Ricky Martin feat. Wendy – Vente Pa’ Ca

“How does Ricky Martin just not age?”

Tom: There’s been a dearth of good music lately. I was looking through recent releases, idly clicked on this, and then spent four minutes about to click away… but then sticking around. It’s… not… bad?

Tim: How does Ricky Martin just not age? I mean I know that shot’s probably been Photoshopped to heck, but he’s like Puerto Rica’s answer to Magnus Carlsson.

Tom: Sure, it doesn’t need to be four minutes. Sure, it’s middle-of-the-road and not a particularly great song. But what’s interesting to me is how it’s mixed together what you’d expect from Ricky Martin, and what you expect from a modern pop track.

Tim: That’s true – the intro got me thinking “yep, it’s Ricky Martin”, and then the vocals sections hit and it’s usual modern pop. Fairly bland modern pop, unfortunately, but still.

Tom: Most of the melody and the instrumentation could have come out of the early 2000s. But the song structure is modern: a pre-chorus vocal line, and a chorus that’s just an instrumental synth.

And hey, at least it doesn’t repeat to fade.

Tim: No – good ending, I’ll certainly give it that.

Ricky Martin – Vida

“Strumming guitars! Summery drums! Actual foreign!”

Tim: Football!

Tom: Really?

Tim: I know, sorry. But you’ll forgive me once you hear this, a track off the official album of the 2014 World Cup in Brazil.

Tom: I think my first reaction is “crikey, Ricky Martin’s still going”.

Tim: Oh yes – 42 and he’s still got all of it. Strumming guitars! Summery drums! Actual foreign!

Tom: “Actual foreign”? Let’s not forget that Livin’ La Vida Loca came in two versions, complete with near-identical videos.

Tim: What a partying, beachy, summery track this is, and the video makes it abundantly clear that that is precisely what it’s meant to be.

Tom: Yep. It’s basically the last World Cup song, “This Time For Africa“, only filtered through a Latin American lens.

Tim: What with it being his second turn at doing an official World Cup song, it’s hard not to compare it to The Cup of Life, and I think it stands up very well indeed. A great track, for a competition I would otherwise do my best to avoid.

Tom: It’s not my cup of tea, but it’s good to know that they’re following the true meaning of modern sport: product placement.

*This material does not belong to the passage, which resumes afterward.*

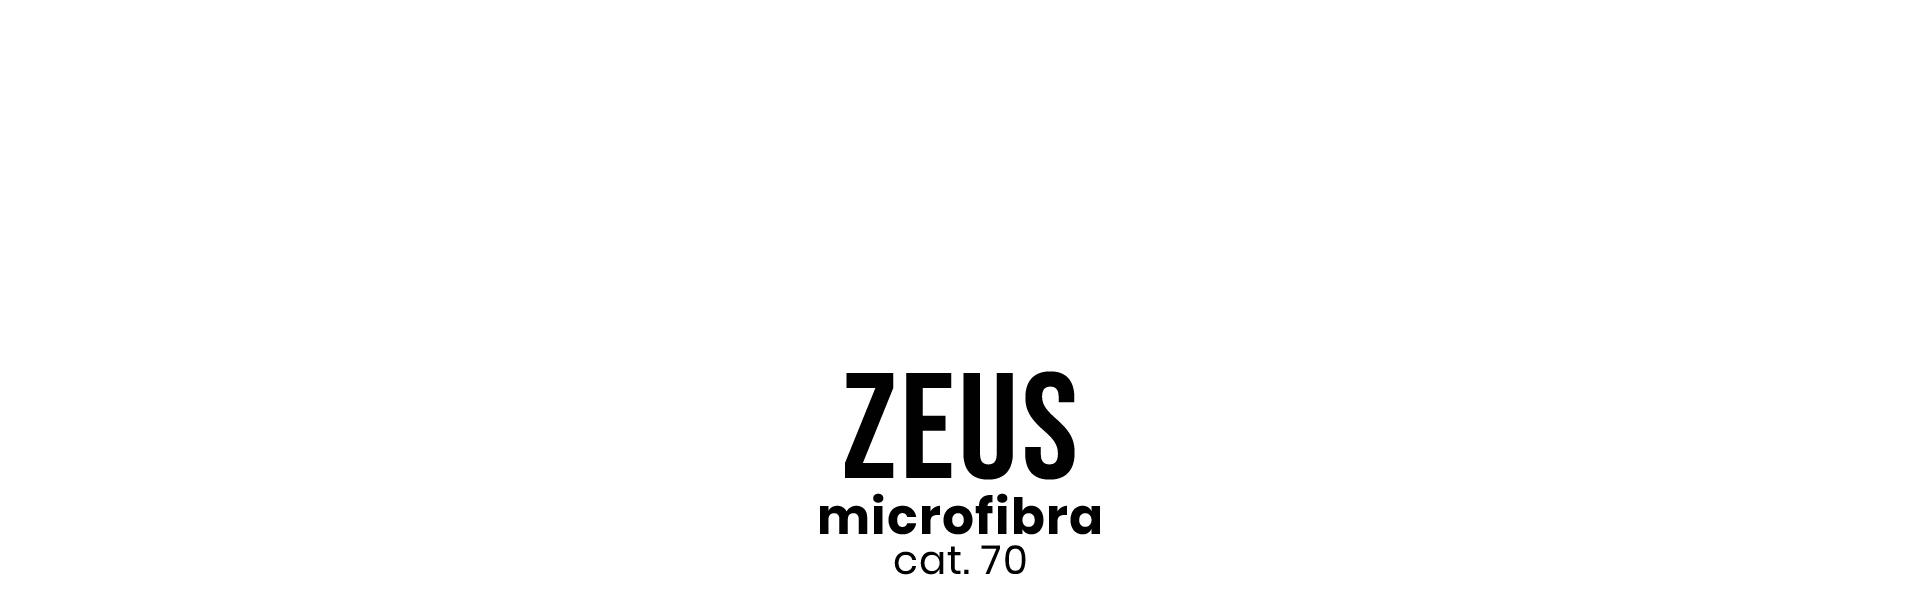 zeus - Copia
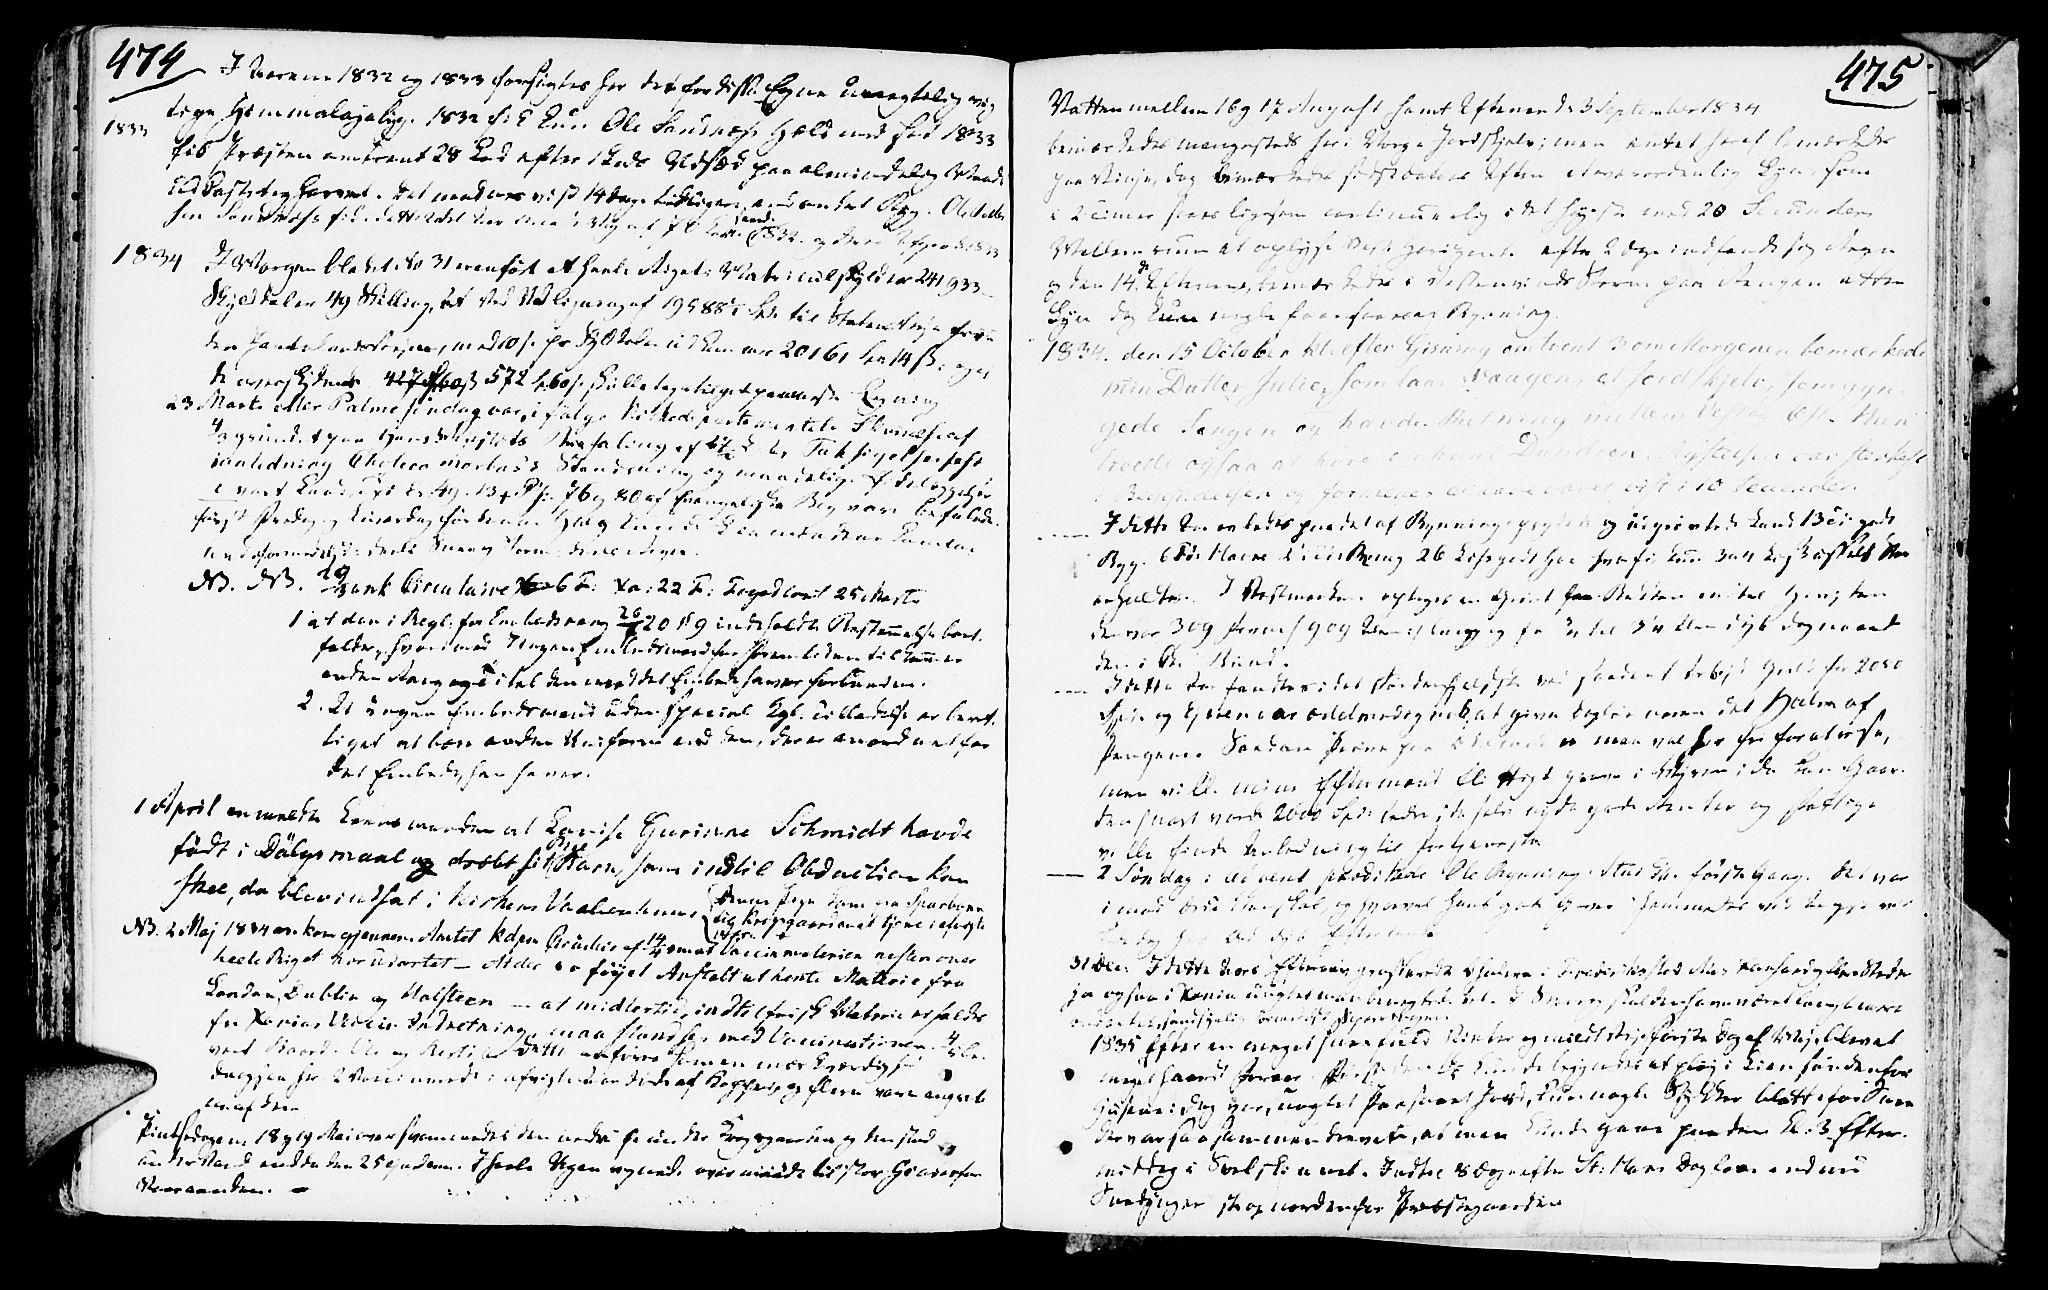 SAT, Ministerialprotokoller, klokkerbøker og fødselsregistre - Nord-Trøndelag, 749/L0468: Ministerialbok nr. 749A02, 1787-1817, s. 474-475

Tim: Right – who’d have thought that Sony makes a phone that’s waterproof?

Ricky Martin – Más

Ooh, like it a LOT.

Tom: My opening sentence was originally going to be: “I expect to see an English version of this out in a couple of months, probably with a harder beat behind it.”

Tim: Ooh, like it a LOT.

Tom: Turns out that Ricky Martin’s management are way ahead of me, and “Freak of Nature” will be out pretty damn soon.

Tim: Still good, but to be honest I wasn’t really listening to the words – just the general sound of it. Probably because I was still in a ‘this is foreign’ frame of mind.

Tom: I still prefer the original, though. It’s got a great shoutalong chorus (“más” means “more”), whereas the English chorus of ‘fun fun fun’ is a bit too Beach Boys-esque to really work in this track. It’s bloody good, quite frankly.

Tim: It is, it really is, although after about three and half minutes I was ready for an ending. And not in my usual ‘I’m bored’ way, but in a ‘this is dragging a bit’ way.

Tom: Somehow, it manages to still sound like Ricky Martin while still being a modern pop song: for someone who most of the world still associates with Livin’ La Vida Loca, that’s not a bad feat.

I have to ask, though – what’s going on with the lopsided half-shaven hairstyle?

Tim: Well, I saw that and immediately thought prison. It’s probably not that, though.